Interesting topic, and I think a good one. There are pros and cons on anything, and I feel a lot of times it comes down to each individual investors goals, tolerance for risk, etc. Some of my observations are as follows, are not intended to be investment advice, and are not intended to be critical of other styles of investing. All in my opinion, since my opinion is the only one I have to express.

For starters, I don't think it's practical for a private investor to attempt to duplicate the strategies of professional money managers. It costs me about $20 per trade on limit orders, so the round trip is $40. If I split up my account in 100 stocks, the cost for the round trip on my portfolio would be $4000. If a person had $200K to work with, that means you'd have to make up 2% on commission alone before trying to make up the spread just to break even. On the flip side, if a person is holding the position for many years, the average cost per year would be minimal.

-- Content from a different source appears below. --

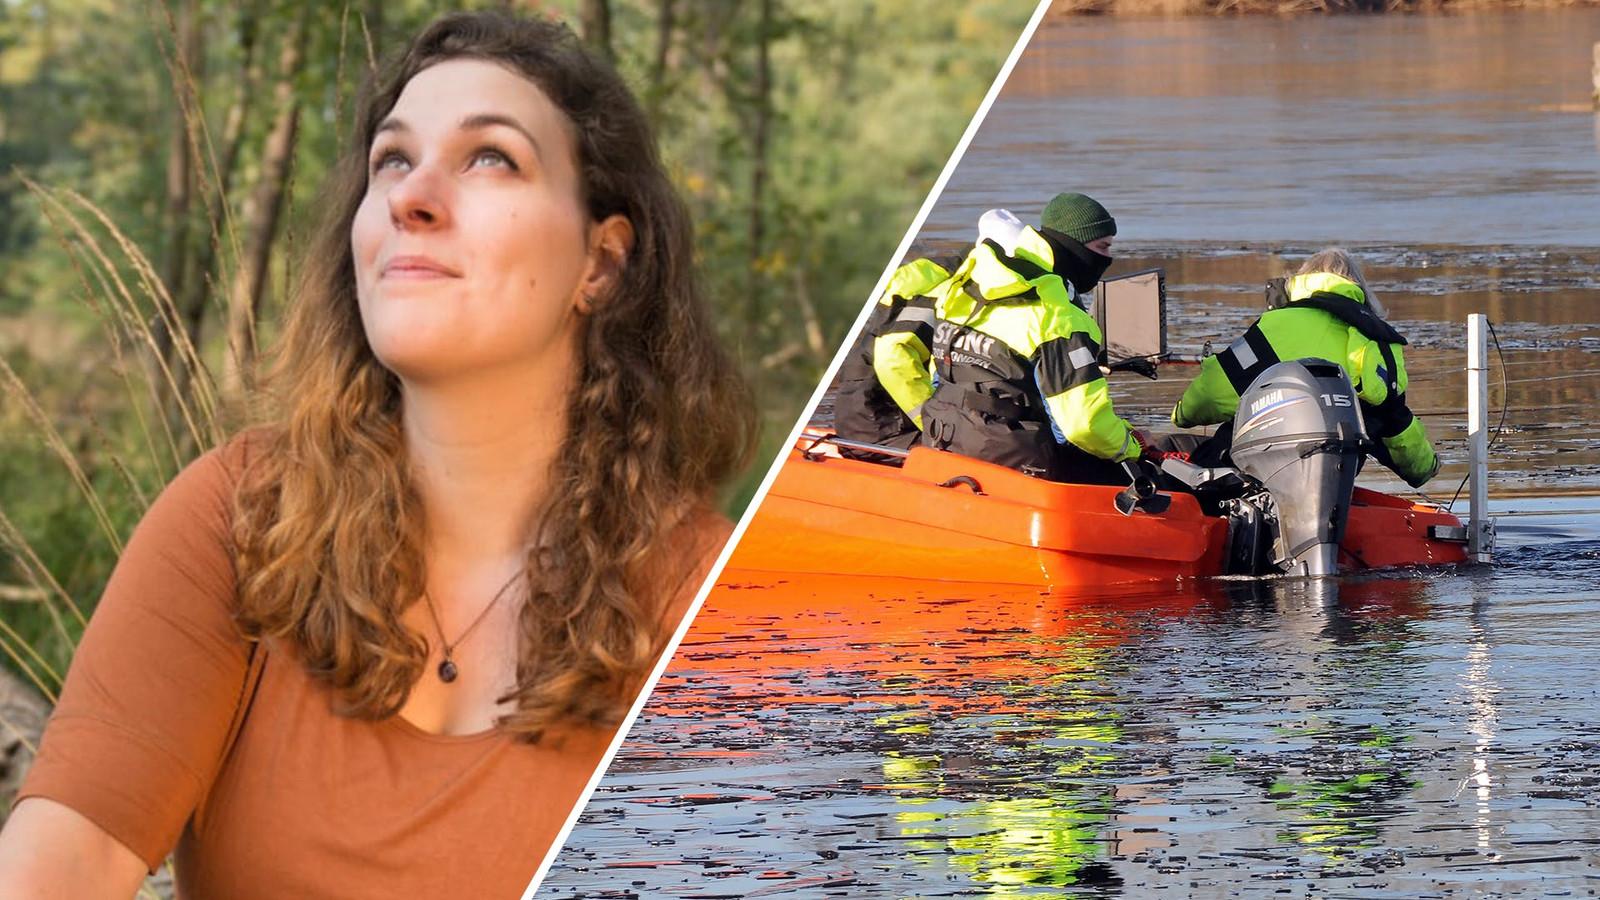 Het is één van de meest geruchtmakende zaken in Zeeland van de afgelopen jaren. De moord op de 29-jarige Ichelle van de Velde. Wekenlang was ze vermist en uiteindelijk werd ze begin februari dood aangetroffen in het uitwateringskanaal van Sluis naar Cadzand. Hoofdverdachte is een 45-jarige vrouw uit Aardenburg.

The biggest consideration, in my opinion, is that a private investor just plain doesn't have the time to do justice to solid DD on 100 issues, not to mention you'd likely have to look at 500 companies to find 100 that might look promising. To make matters worse, securities regulation and oversight are close to nonexistent, and GAAP is a joke, so there is no way to make apples to apples comparisons from company to company and sector to sector without taking the time to do some serious numbers crunching by digging through the filings. To be honest, I doubt most money managers go to the trouble they probably should in that respect.

Another consideration is it is next to impossible to beat the market with a diversified portfolio. You'll generally match the overall market's performance over an extended period of time. If the market is up, your portfolio will be up. If the market is down, your portfolio will be down. Diversification is a hedging strategy, but there is a break point where being overly hedged eliminates any possibility of turning a profit. The other side of the coin is the less you hedge, the more market risk you accept.

On a more concentrated portfolio, my view is it's the strategy that has to be diversified. I rarely have more than 5 positions in my account at any given time, and I treat cash as one of my positions. Cash is my hedge and it may be the only position I hold depending on market conditions. I don't consider myself to be a day trader, but I do use a lot of day trading type strategies in what I do. I try to identify situations where most of the downside has been taken out, and the upside has been maximized. I'm normally looking for places where my goal is to take profits in 3 months or less, and my average holding time is probably more like 3-4 weeks. I tend to use both tight stops and cost averaging depending on how the trades looks at any given time. I try to use both under valued and over valued as my price targets and treat a good value on put options the same as a good value on a long stock position. I'll occasionally use index options on timing market events, or try to identify individual issues I consider to be representative of general market conditions or sectors. I like volatility, but not at the level likely to attract day traders, which usually means small/mid caps in the 300K share volume a day range. I like debt to tangible assets at less than .2 to 1, strong liquidity, positive growth, and limited cash burn. I like places where EPS is slightly negative to break even, and the trend is toward profitability, and I try to buy as close to the bottom of the chart and as close to (below?) book value as I can get. And I probably spend at least 3 times more time on researching the market and the economy as I do researching all individual issues combined.

I know it's not Graham or Buffet, but it's what I seem to be most happy with, and I've had a great year while most diversified portfolios have gotten clobbered. I am NOT recommending this as the ideal was to manage a more concentrated portfolio, or even recommending a more concentrated portfolio. It's what I have enough time, energy, money, tolerance for risk and experience to target at this point in time.

Hopefully you'll get some feedback on both sides of the pros and cons, and anyone who wants to point out some of the risks involved in any of the above is welcome to do so.